» WORK ORDER:
With pictures left out, output exactly the lines of the listing below from the line that has "Gorgeous bead work" to the line that has "Braided Rubber and", both lines kept.

» DATASET EXCERPTS:

◆ ◆ ◆ ◆ ◆

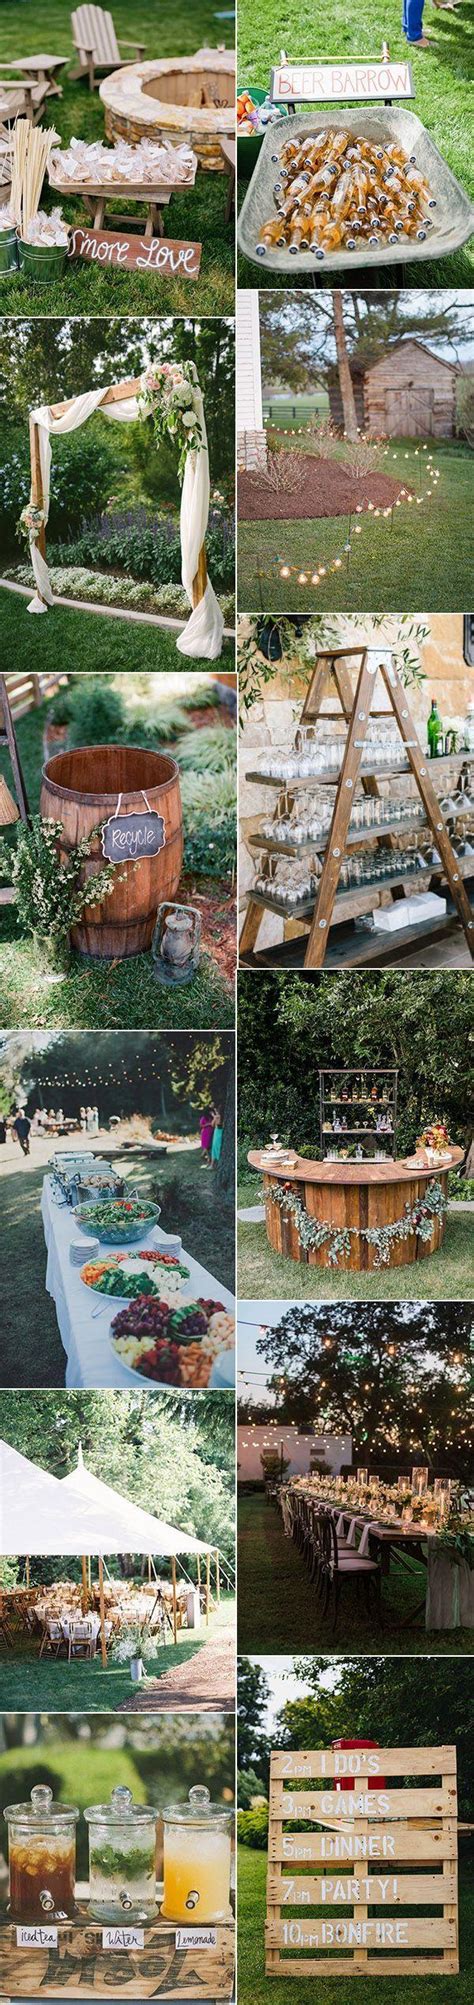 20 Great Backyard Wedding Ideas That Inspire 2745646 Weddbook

◆ ◆ ◆ ◆ ◆

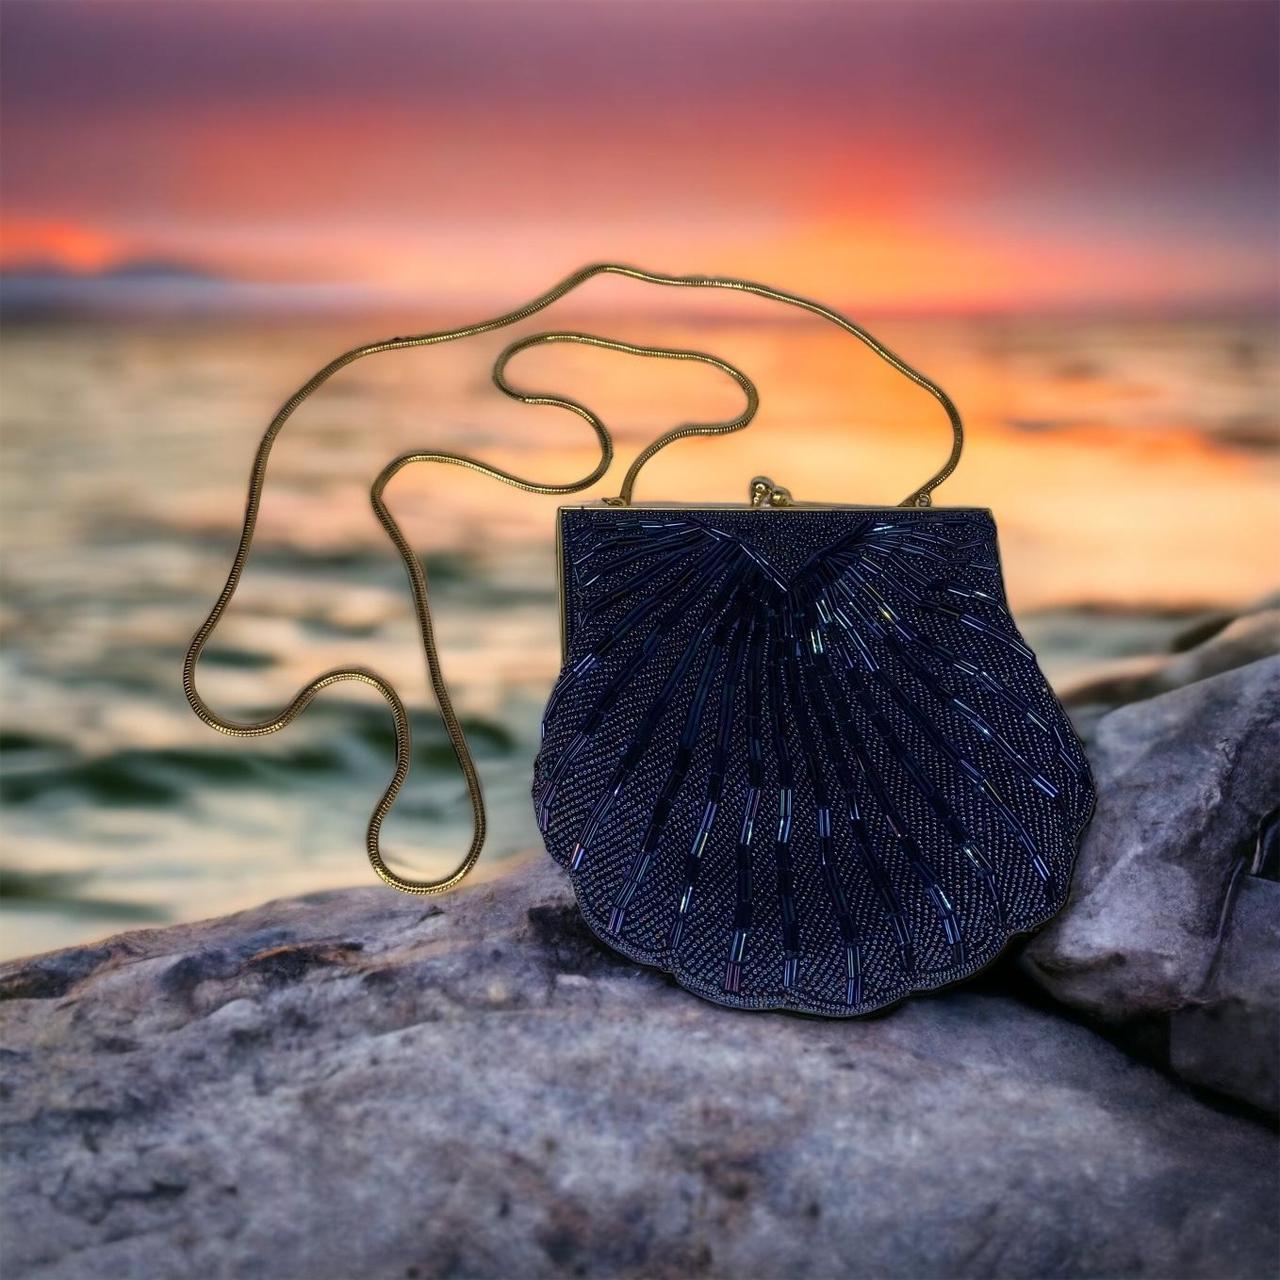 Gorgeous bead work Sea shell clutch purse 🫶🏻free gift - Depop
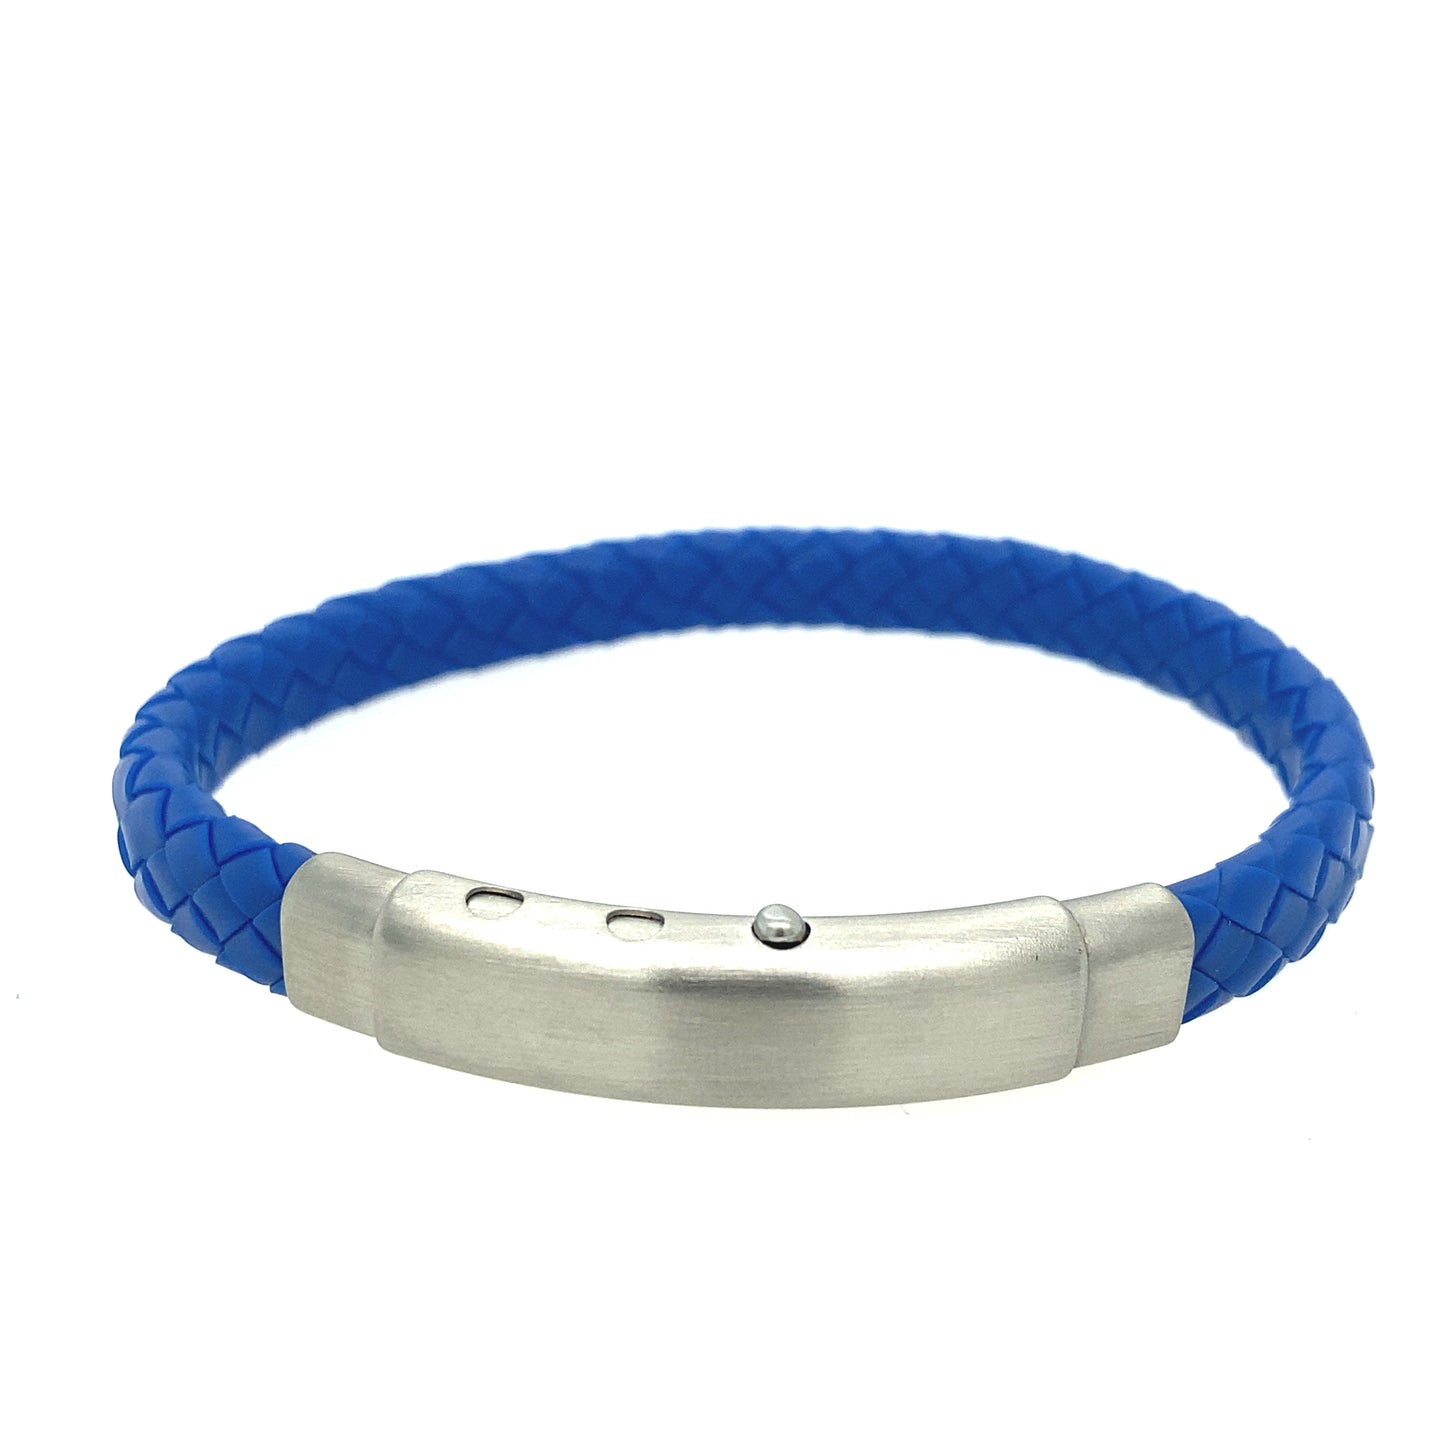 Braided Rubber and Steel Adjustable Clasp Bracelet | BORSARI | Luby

◆ ◆ ◆ ◆ ◆

» SOLUTION:
 Gorgeous bead work Sea shell clutch purse 🫶🏻free gift - Depop
 Braided Rubber and Steel Adjustable Clasp Bracelet | BORSARI | Luby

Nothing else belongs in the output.